-- Work to complete --
Reproduce only what runs from the line containing "walmart bed pillow with arms" to the line containing "Instagram: @pslilyboutique, Pinterest, Spring" in the records below, inclusive. Keep it exact, and keep the pictures out.

-- Given information --
* * * * * * *

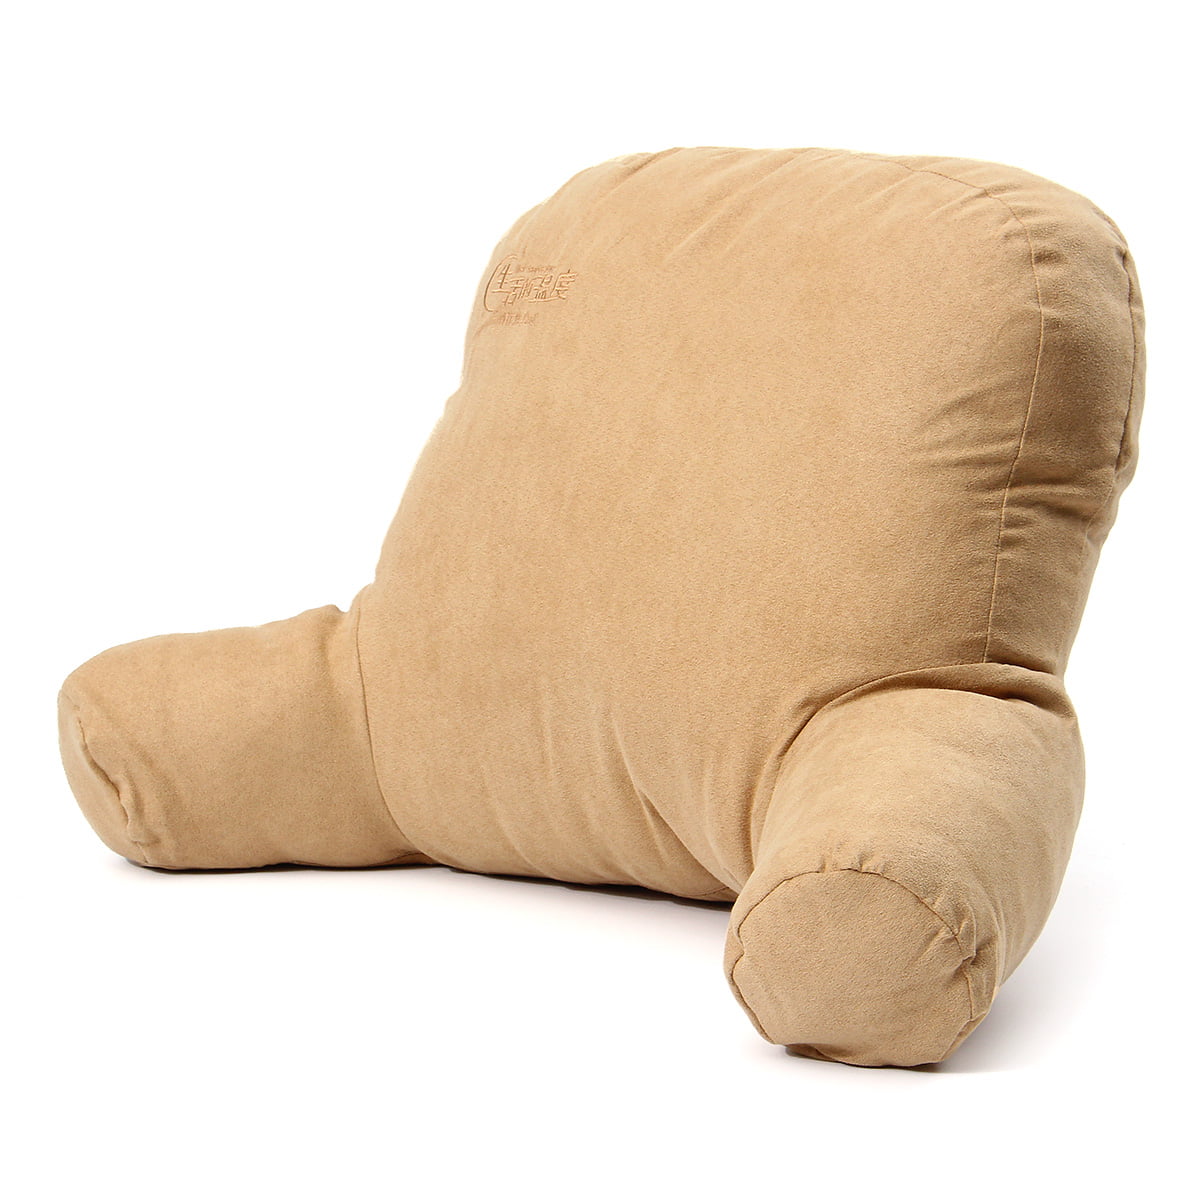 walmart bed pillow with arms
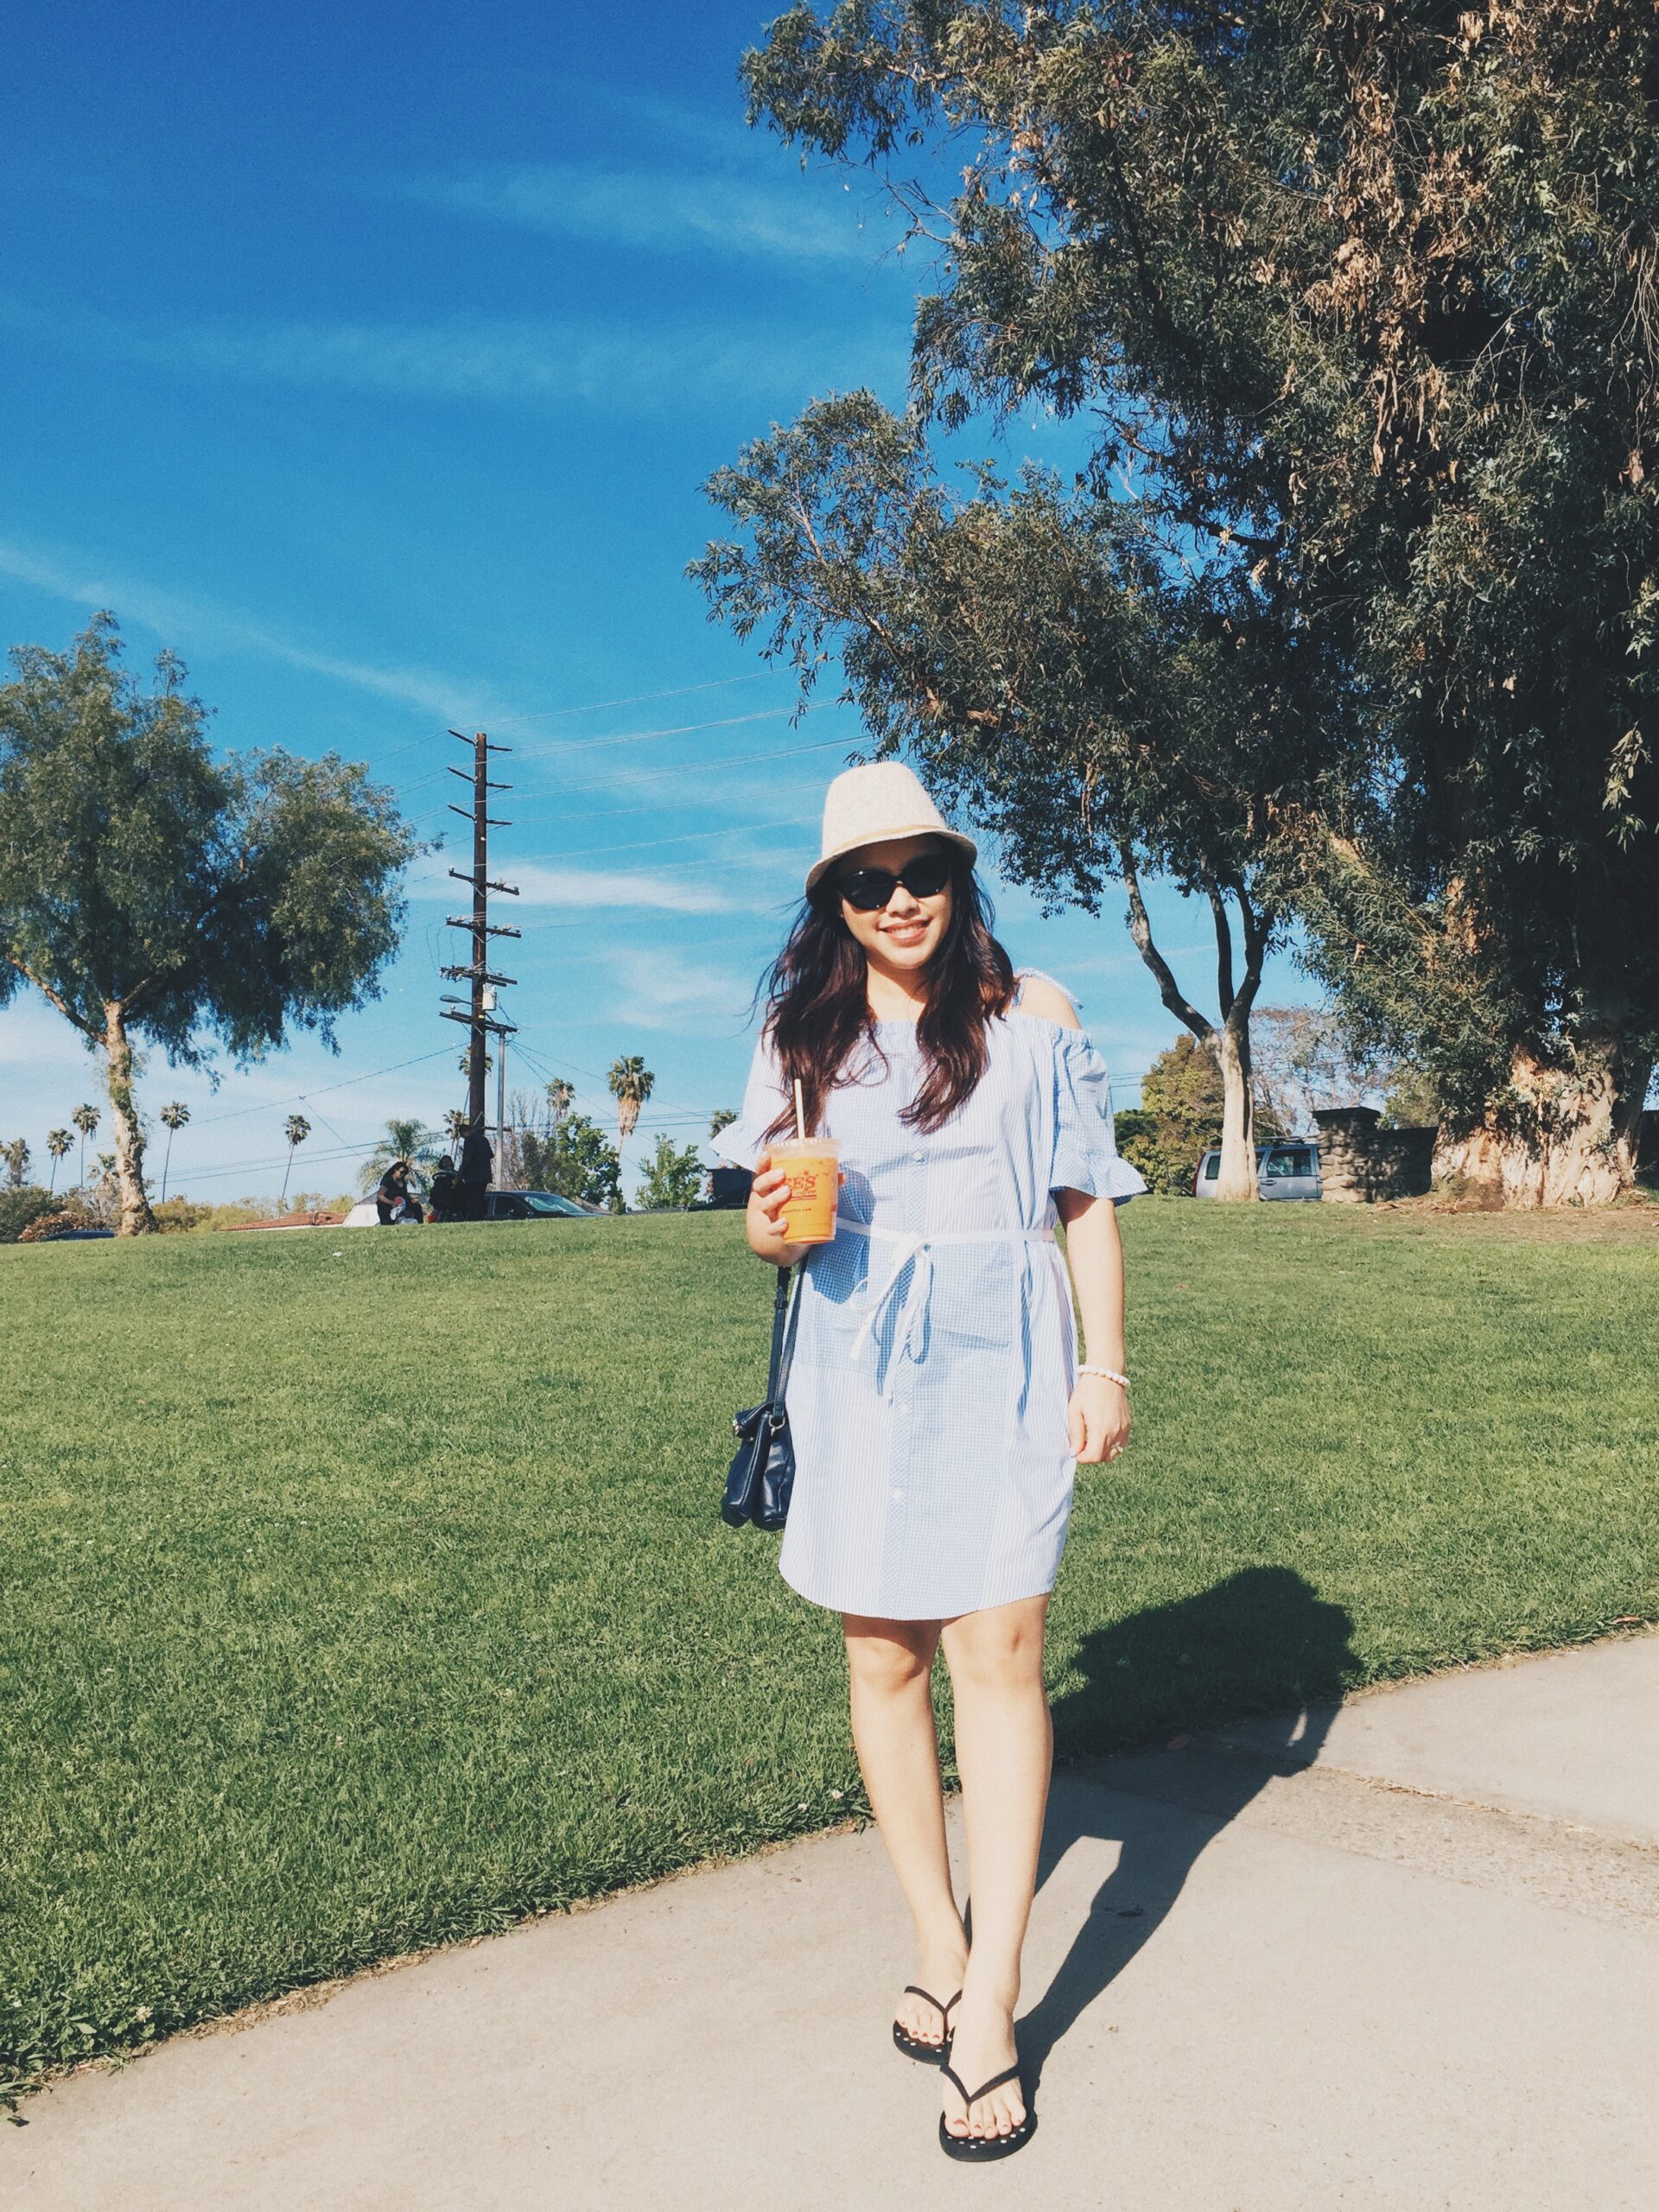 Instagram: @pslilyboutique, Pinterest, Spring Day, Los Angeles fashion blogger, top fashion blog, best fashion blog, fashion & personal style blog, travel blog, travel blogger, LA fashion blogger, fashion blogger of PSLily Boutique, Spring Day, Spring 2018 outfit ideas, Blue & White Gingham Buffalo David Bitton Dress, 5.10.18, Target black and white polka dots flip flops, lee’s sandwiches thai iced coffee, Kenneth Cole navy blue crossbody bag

* * * * * * *

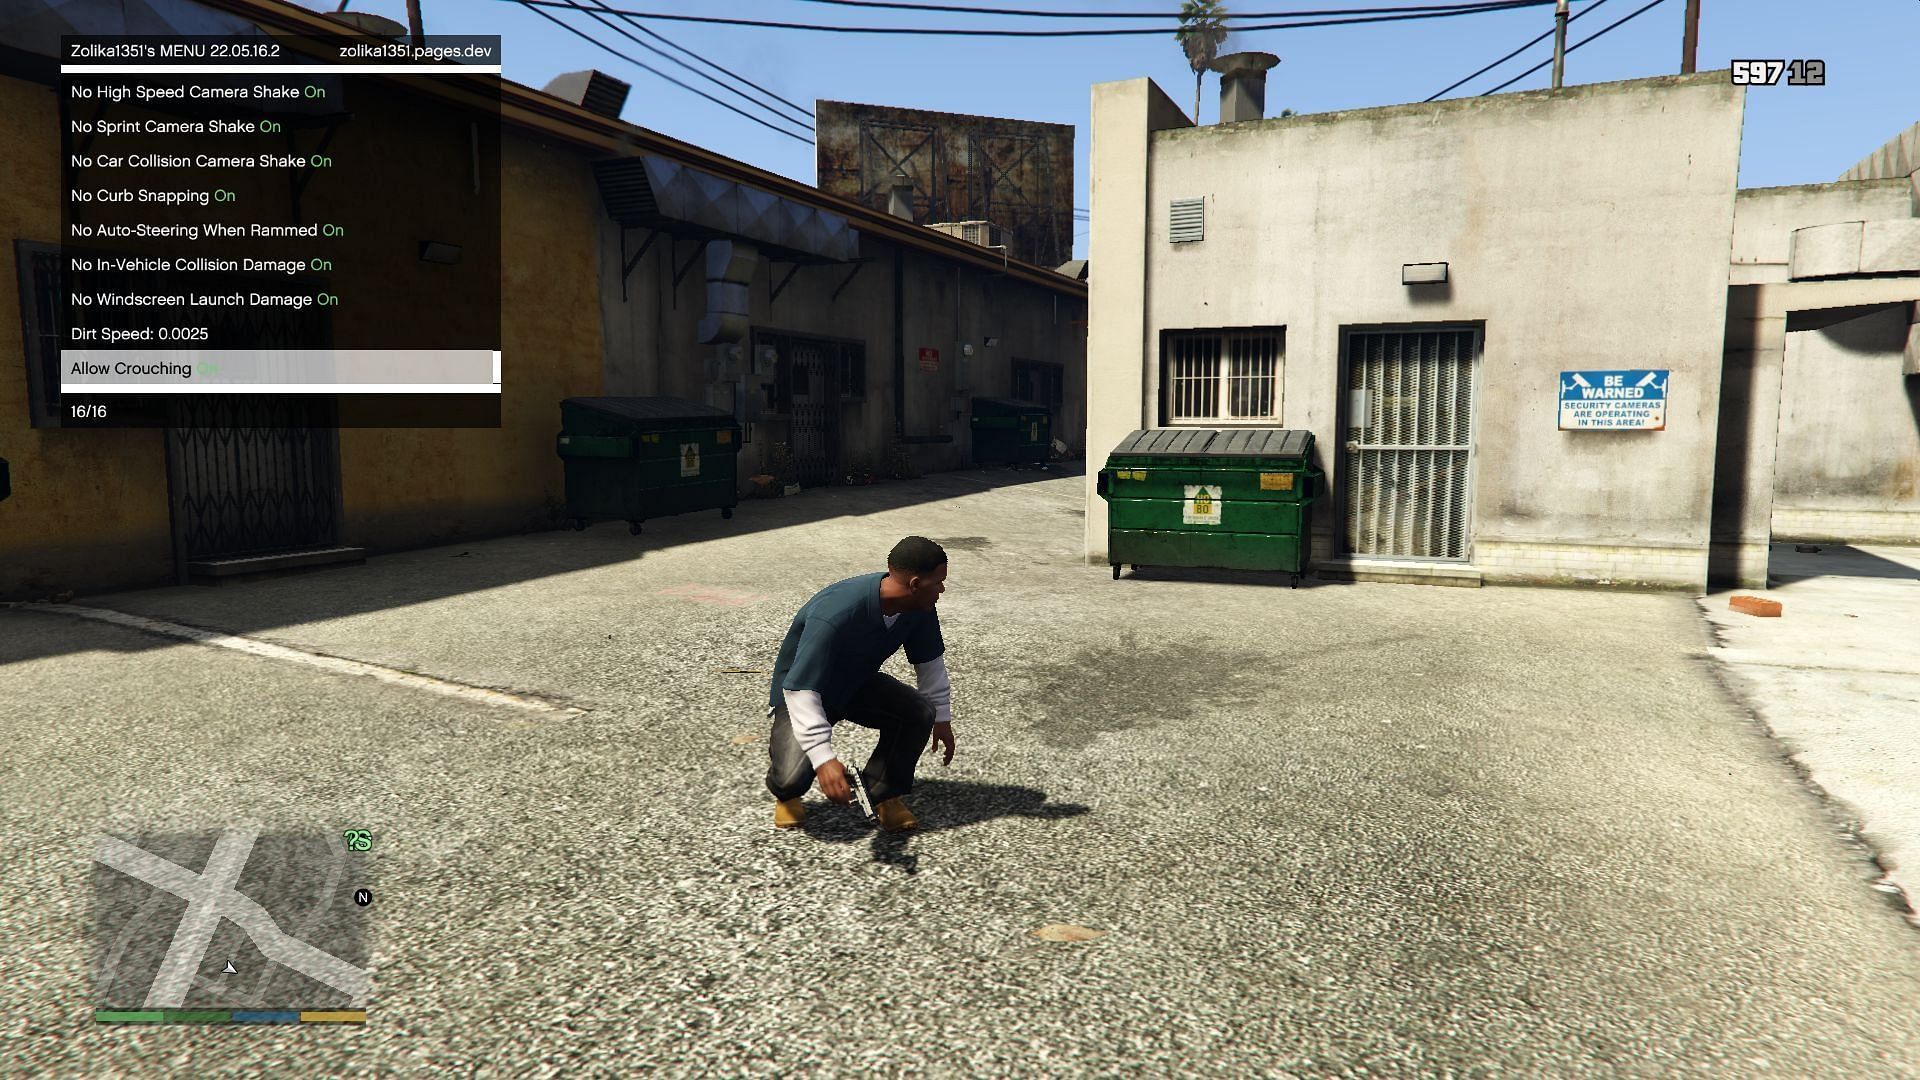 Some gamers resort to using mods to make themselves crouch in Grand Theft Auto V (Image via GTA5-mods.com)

* * * * * * *

-- Solution --
 walmart bed pillow with arms
 Instagram: @pslilyboutique, Pinterest, Spring Day, Los Angeles fashion blogger, top fashion blog, best fashion blog, fashion & personal style blog, travel blog, travel blogger, LA fashion blogger, fashion blogger of PSLily Boutique, Spring Day, Spring 2018 outfit ideas, Blue & White Gingham Buffalo David Bitton Dress, 5.10.18, Target black and white polka dots flip flops, lee’s sandwiches thai iced coffee, Kenneth Cole navy blue crossbody bag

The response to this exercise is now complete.